ADOLFO: —Conque, Francisco, ¿quieres decirme con eso que con sólo confesarme bien también quedará ilustrado mi entendimiento para resolver las dificultades que me objeten mis compañeros?

FRANCISCO: —Tal vez sí; y en caso de que no consiguieras don tan precioso, por lo menos te hallarías mejor dispuesto para comprender la verdad; porque nada hay que obscurezca tanto el entendimiento y más lo extravíe del sendero del bien como el pecado y las pasiones.

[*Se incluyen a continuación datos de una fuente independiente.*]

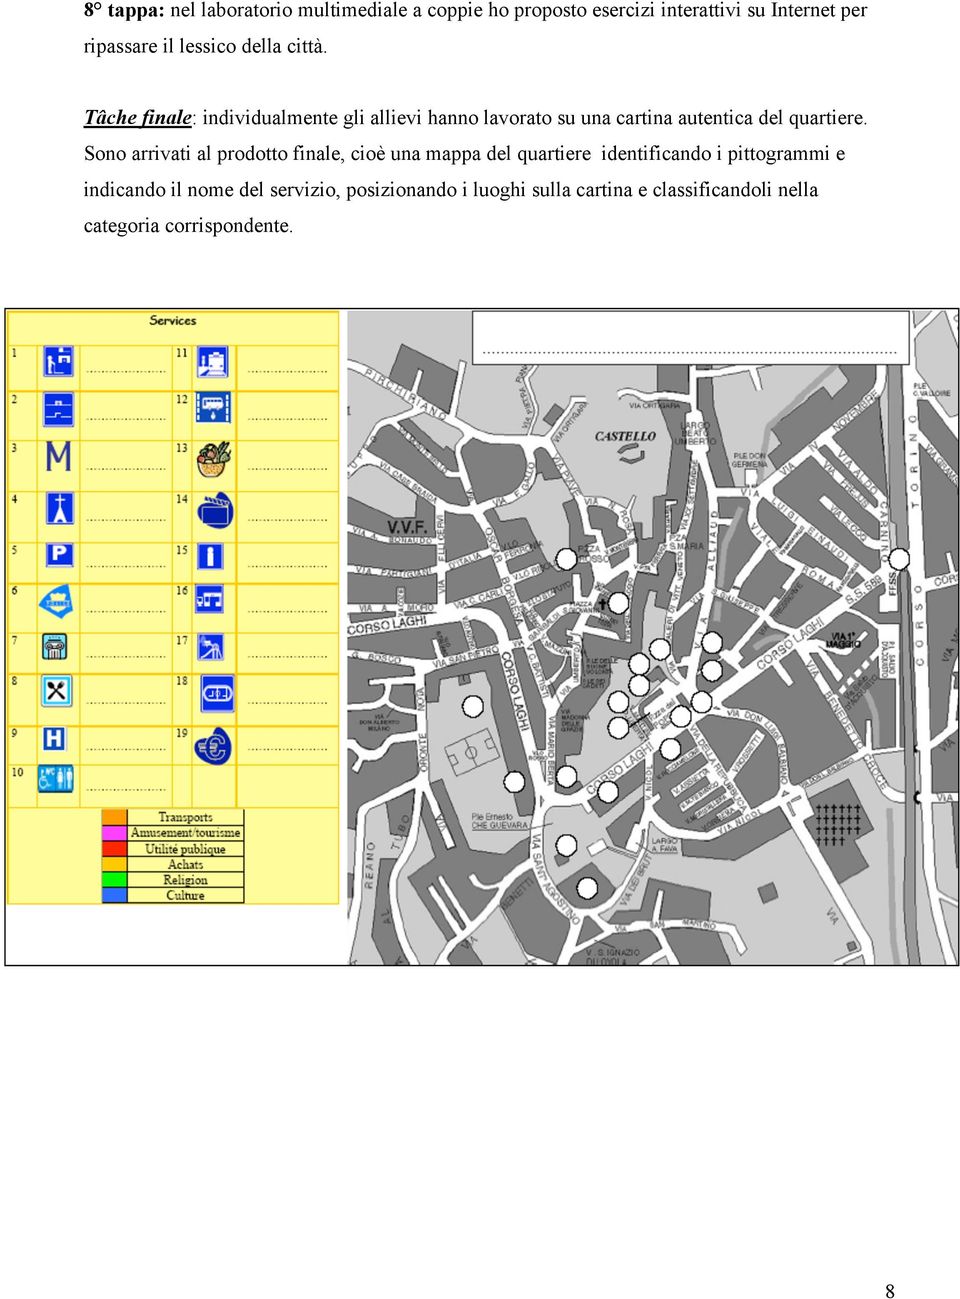 Tâche finale: individualmente gli allievi hanno lavorato su una cartina autentica del quartiere.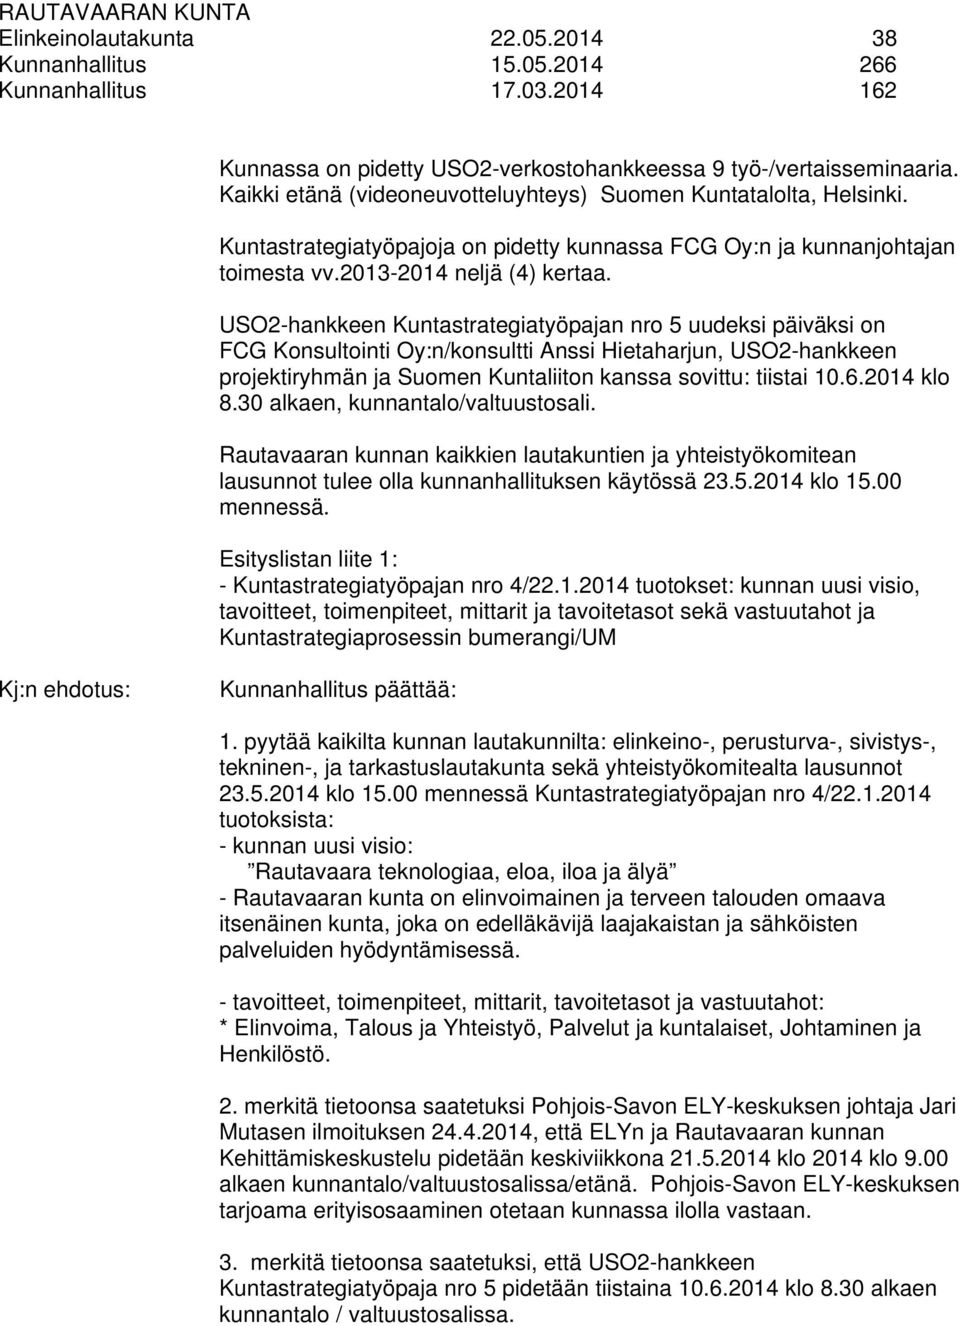 USO2-hankkeen Kuntastrategiatyöpajan nro 5 uudeksi päiväksi on FCG Konsultointi Oy:n/konsultti Anssi Hietaharjun, USO2-hankkeen projektiryhmän ja Suomen Kuntaliiton kanssa sovittu: tiistai 10.6.

¡Cuántos ejemplos pudiera referirte en confirmación de mi aserto!


Tomado de una publicación de “APOSTOLADO DE LA PRENSA” Año 1892.




¿QUIÉN HA VUELTO DEL OTRO MUNDO? - CAPÍTULO VII - (Diálogo entre dos amigos, Francisco que si cree en el infierno y Adolfo que no)




Pero eso es cruel… ¡Por un pecado… un infierno!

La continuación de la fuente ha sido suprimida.